In 2018, under then prime minister Shahid Khaqan Abbasi, the Tarbela hydroelectric power project’s installed capacity was increased by 1,410MW to 4,888MW; the fourth extension of the hydropower project. The fifth extension is currently ongoing and will increase its installed capacity to 6,298MW. Data from the Sustainable Development Policy Institute (SDPI) suggests that the share of renewable energy in Pakistan currently stands at 5%. The share of hydroelectric power generation in the energy mix stood at almost 25% (10,251MW) in April 2022.
In October 2022, the cost of fuel dropped to Rs9.02 per unit, a reduction that was led by an increase in generation from cheaper sources like hydel-based generation that rose by 20%, compared to the same month last year.
One of the most recent steps being taken in the ‘green’ direction is the Indicative Generation Capacity Expansion Plan (IGCEP) 2022- 31, launched by the National Transmission and Despatch Company (NTDC) under the Ministry of Energy.
The initiative aims to add over 8,000MW from solar to the national grid over the next 10 years. More recently, Prime Minister Shehbaz Sharif invited Turkiye (formerly known as Turkey) to invest in solar projects of 10,000MW across Pakistan.
In October 2022, the CEO of the Alternative Energy Development Board (AEDB), Shah Jahan Mirza said that the government was to announce a special scheme to establish solar parks and promote renewable energy, aiming to install solar plants of 6,000MW.
SDPI data shows that, in July 2022, the total installed capacity of solar and wind projects in Pakistan stood at 600MW and 1,985MW respectively. Clean energy, however, has its own share of problems. While solar and wind projects may be more affordable, they operate depending on the strength of the sunlight and winds.
For example, in 2015, the 100MW Quaid-eAzam solar project was established in Punjab at a cost of $131 million ($1.31 million per MW). Due to the dust and smog, however, the project is only able to produce 18.5% power against the 100MW installed capacity.

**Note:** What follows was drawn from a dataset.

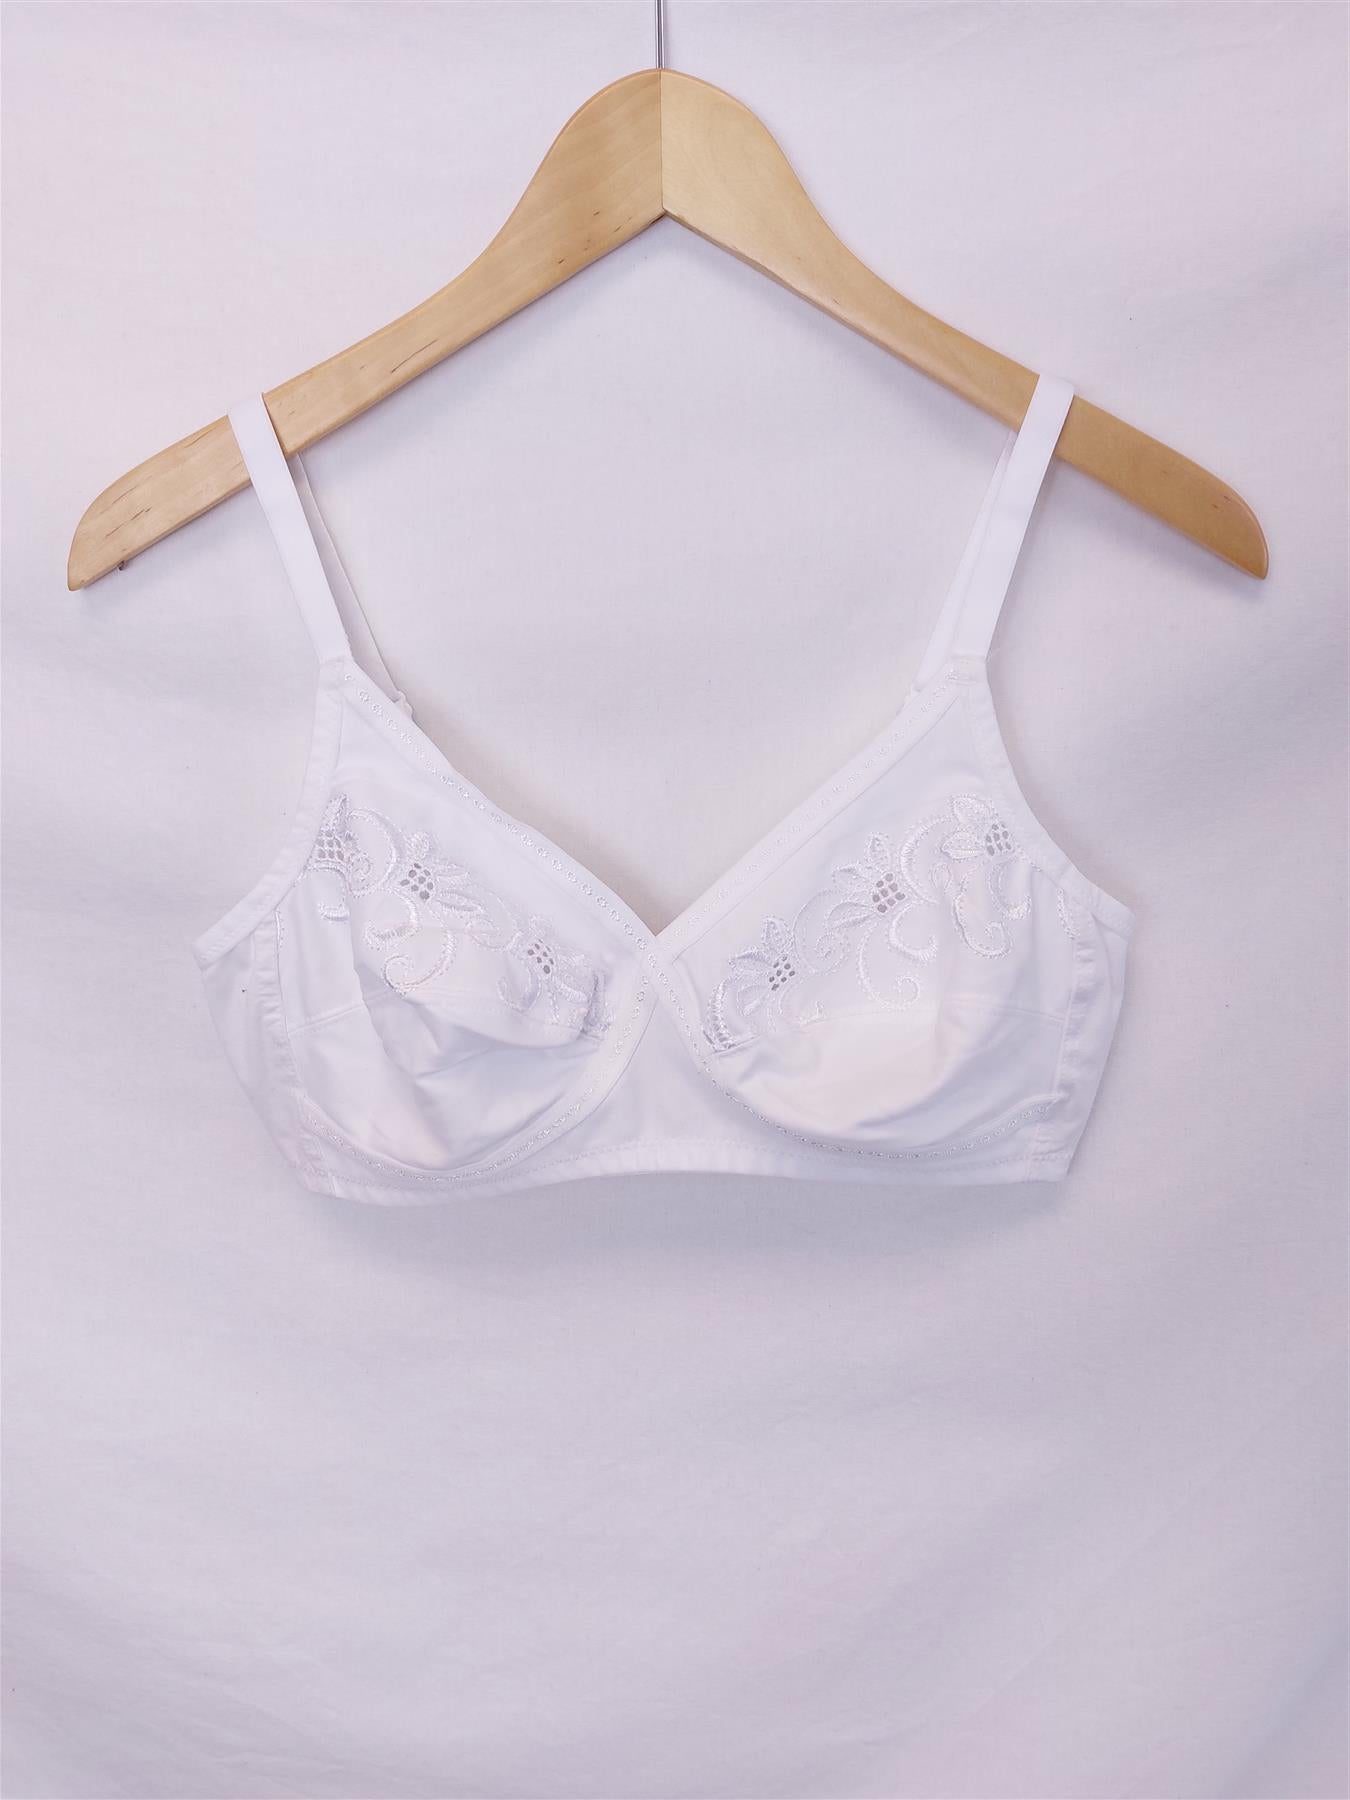 Comfort Support Bra Unpadded Non-Wired Embroidered High Street New 32-44 B-DD

According to Nepra, seven years later the cost of setting up Zorlu Solar Pakistan, a 100 MW solar project in Punjab, was 42% lower – at $75.58 million (almost 76 cents per unit). Similarly, the cost of constructing wind power plants, is even cheaper than that of solar power plants.
According to Nepra, the tariffs determined for wind power plants in the last decade have reduced from Rs12.77/kWh to Rs6.39/kWh.

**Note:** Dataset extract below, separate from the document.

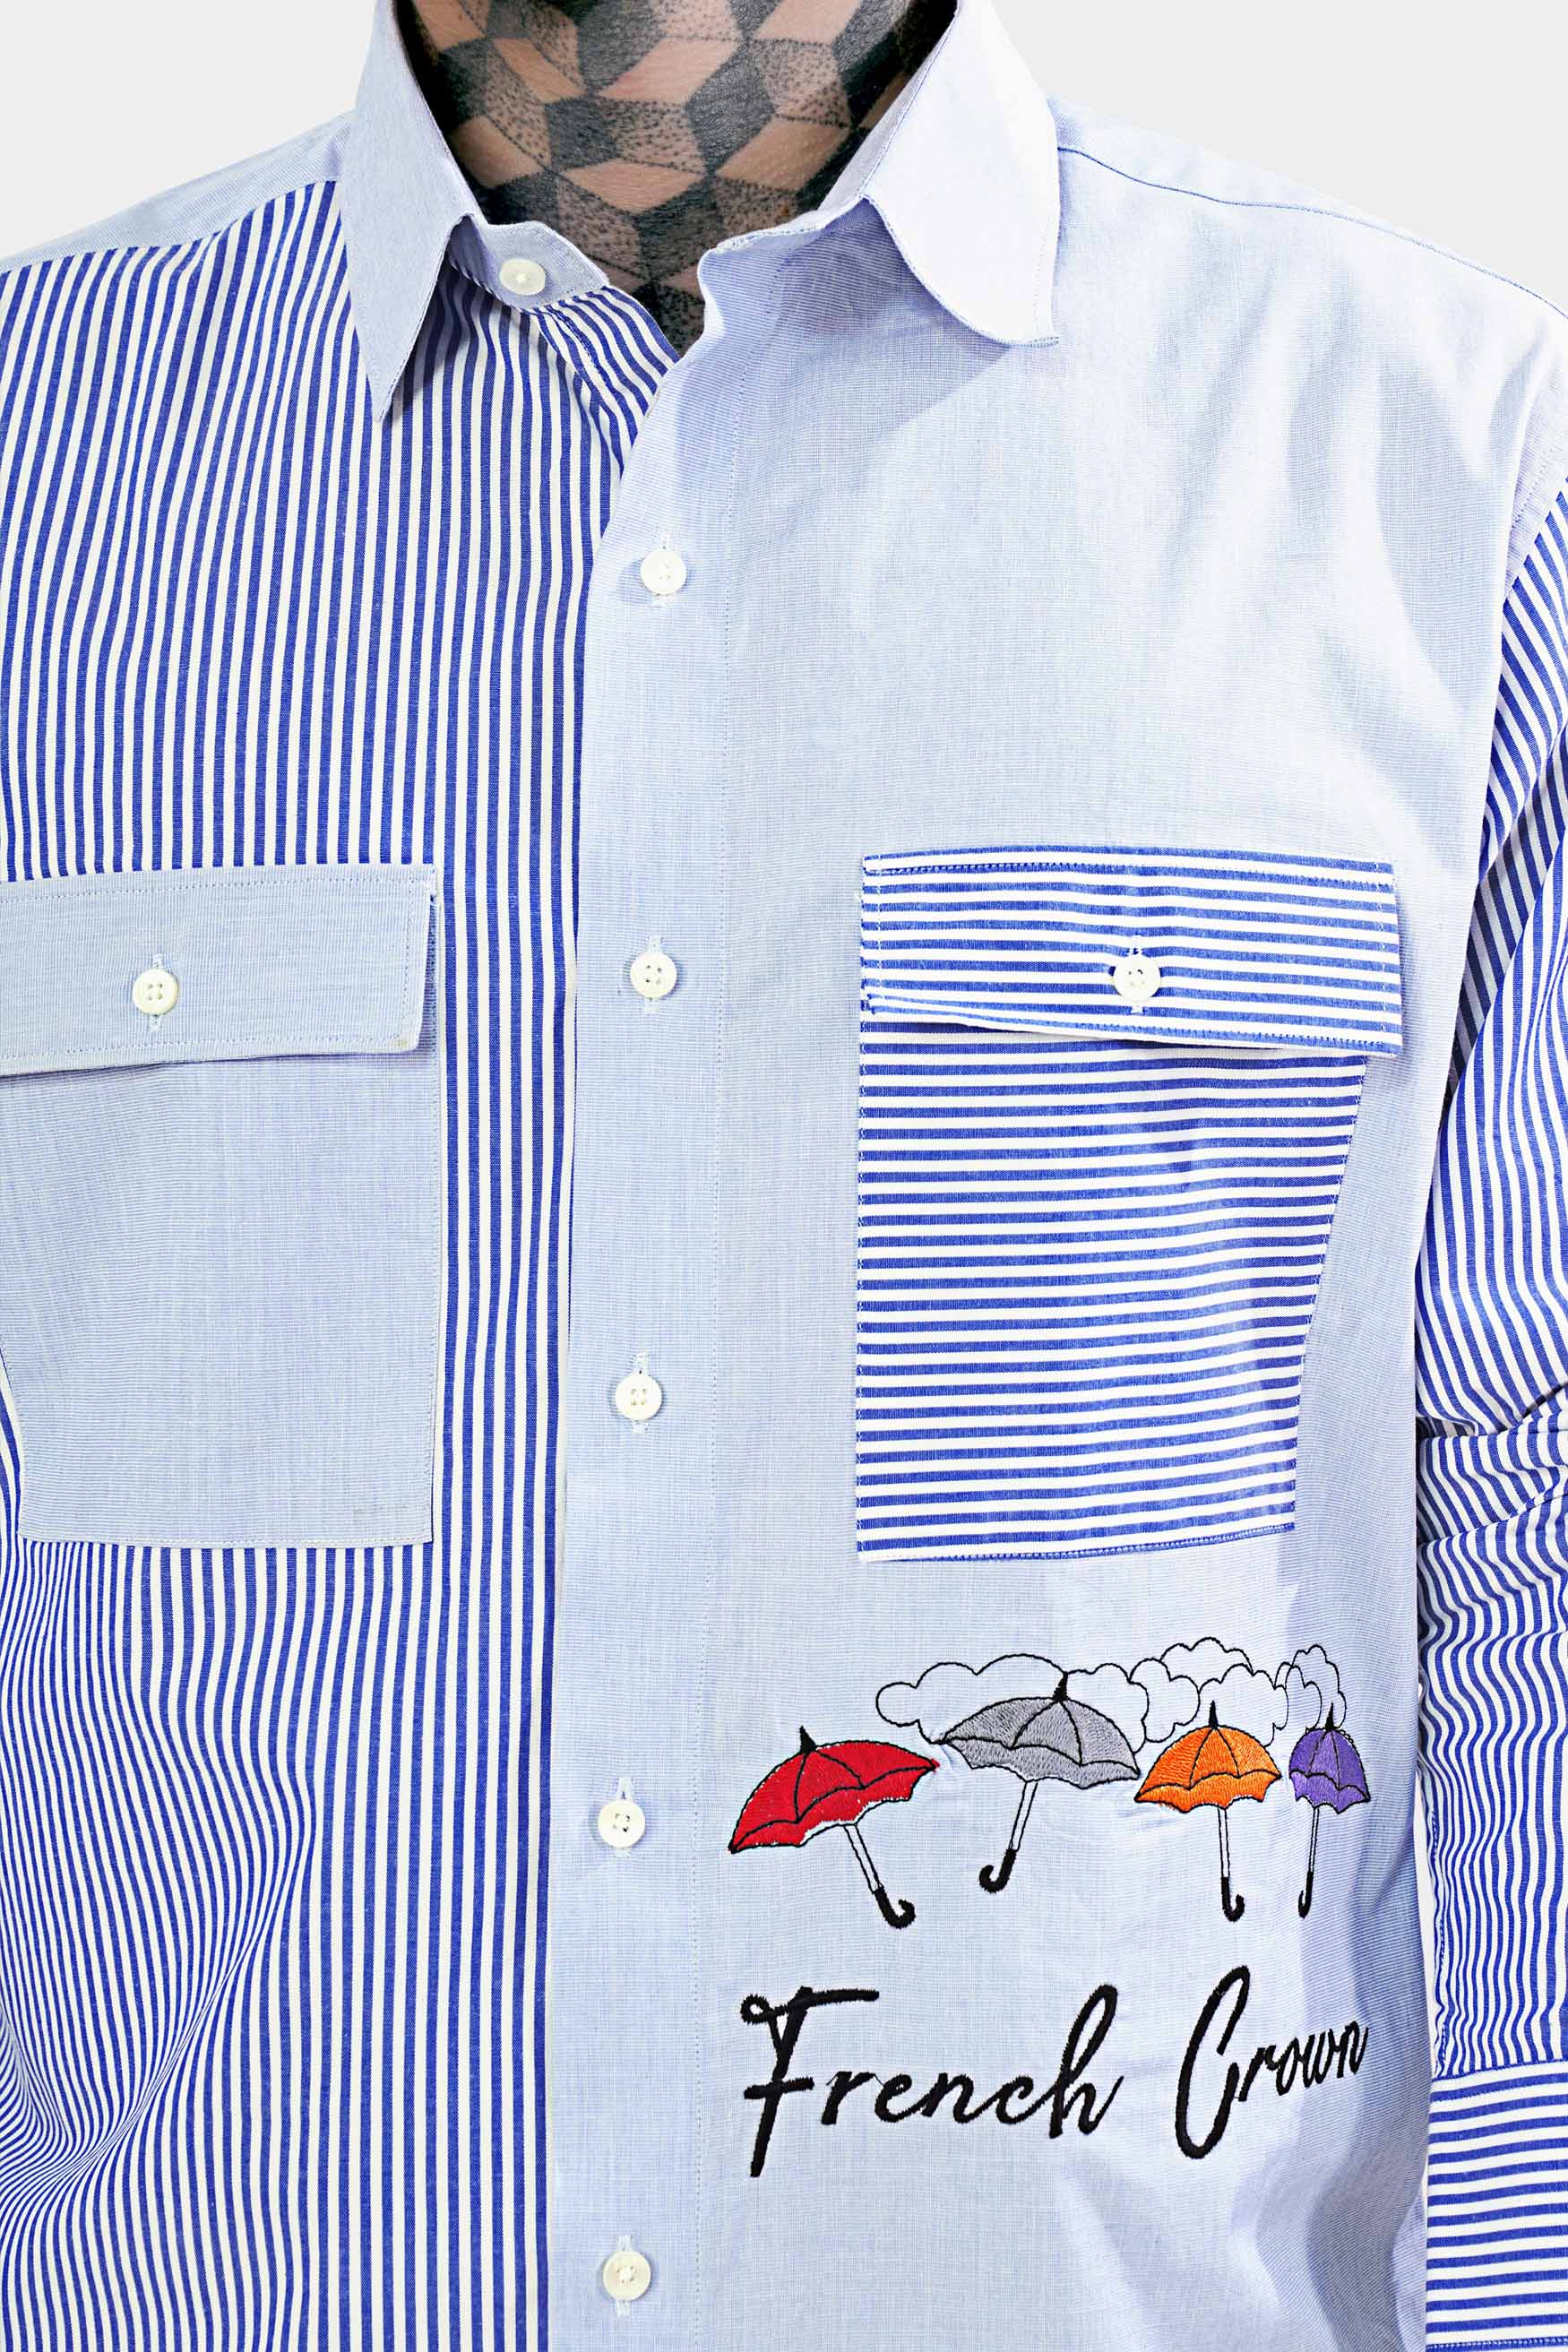 Hawkes Gray and Perano Blue Striped with Brand Name Embroidered Premium Cotton Designer Shirt 8267-P147-E276-38, 8267-P147-E276-H-38, 8267-P147-E276-39, 8267-P147-E276-H-39, 8267-P147-E276-40, 8267-P147-E276-H-40, 8267-P147-E276-42, 8267-P147-E276-H-42, 8267-P147-E276-44, 8267-P147-E276-H-44, 8267-P147-E276-46, 8267-P147-E276-H-46, 8267-P147-E276-48, 8267-P147-E276-H-48, 8267-P147-E276-50, 8267-P147-E276-H-50, 8267-P147-E276-52, 8267-P147-E276-H-52

While nuclear electricity is not counted as a renewable source of energy yet, the cost of fuel in the production of power from nuclear power plants stands to be the lowest among all fuel-run power plants. In October 2022, the cost of fuel in nuclear power output came in at Rs1.07 per unit. At present, there are six nuclear power projects operating in Pakistan.
The share of nuclear energy stands at 8.8% (3,647MW) in April 2022. While experts concede that the government has planned the energy shift initiatives well, problems occur when the implementation phase begins. Programme Manager of think tank Renewable First, Mustafa Amjad says, “While the government has taken a step in the right direction by announcing the IGCEP 2022-31 and the Alternate and Renewable Energy Policy that targets increasing the share of renewable energy (excluding hydel) to 20% by 2025 and 30% by 2030, their progress is slow.”

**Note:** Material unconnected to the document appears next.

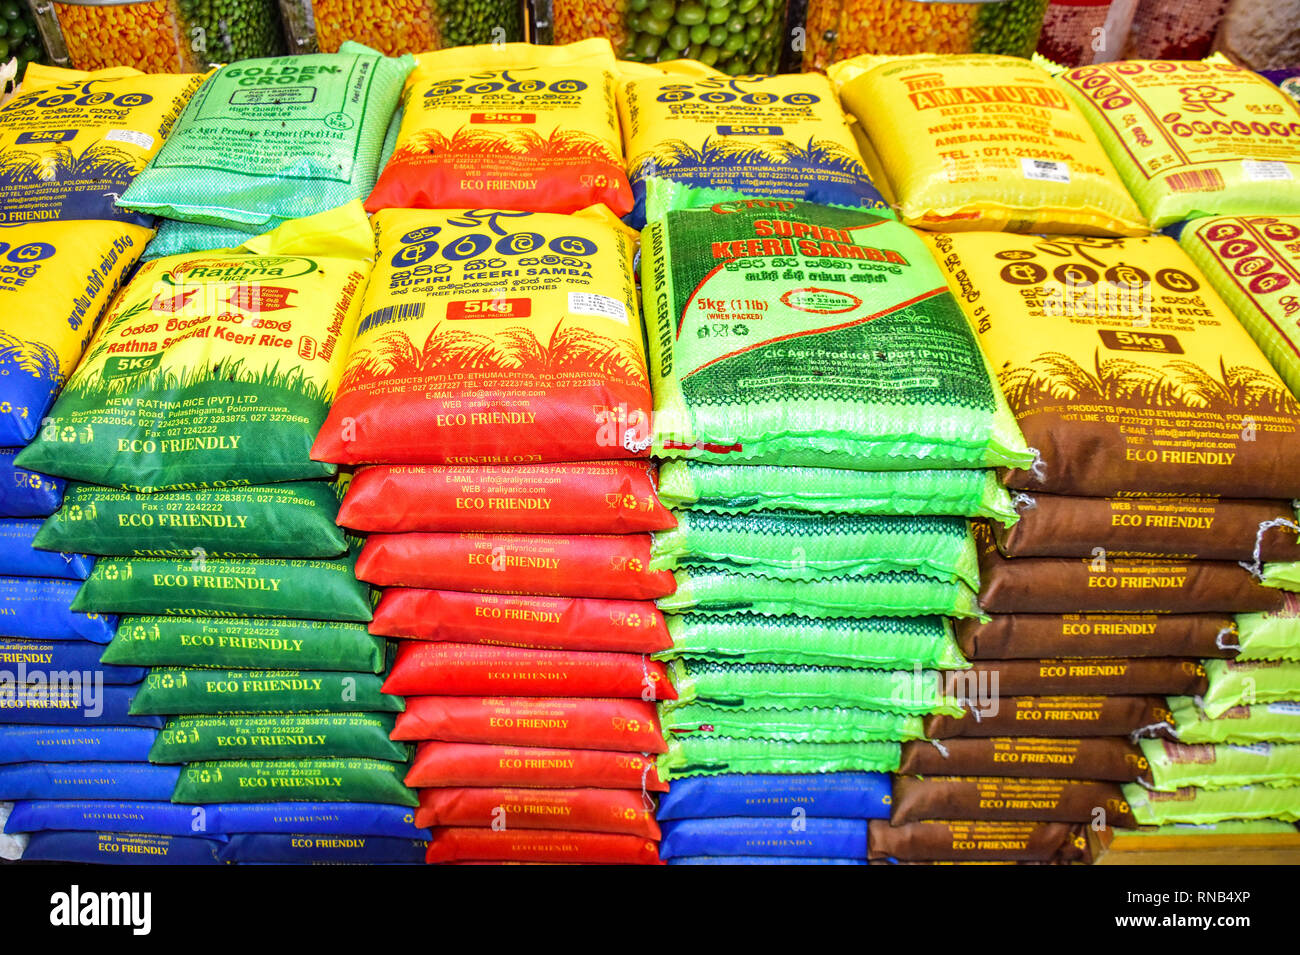 TN traders solution to avoid GST on 25 kgs of rice Sell it in 26 kg sacks   The News Minute

One of the reasons for the slow-paced progress is that the government has not opened the projects up to investment from the private sector and is instead based on a government-to-government (G2G) level – pegging progress to political indicators. Either way, Energy Expert, Ammar Khan believes, “We are far, far away from meeting the set goals of 20% renewables in the energy mix by 2025 and 30% by 2030,” indicating that over the next 10-20 years, the country will continue to depend heavily on fossil fuel-based power projects.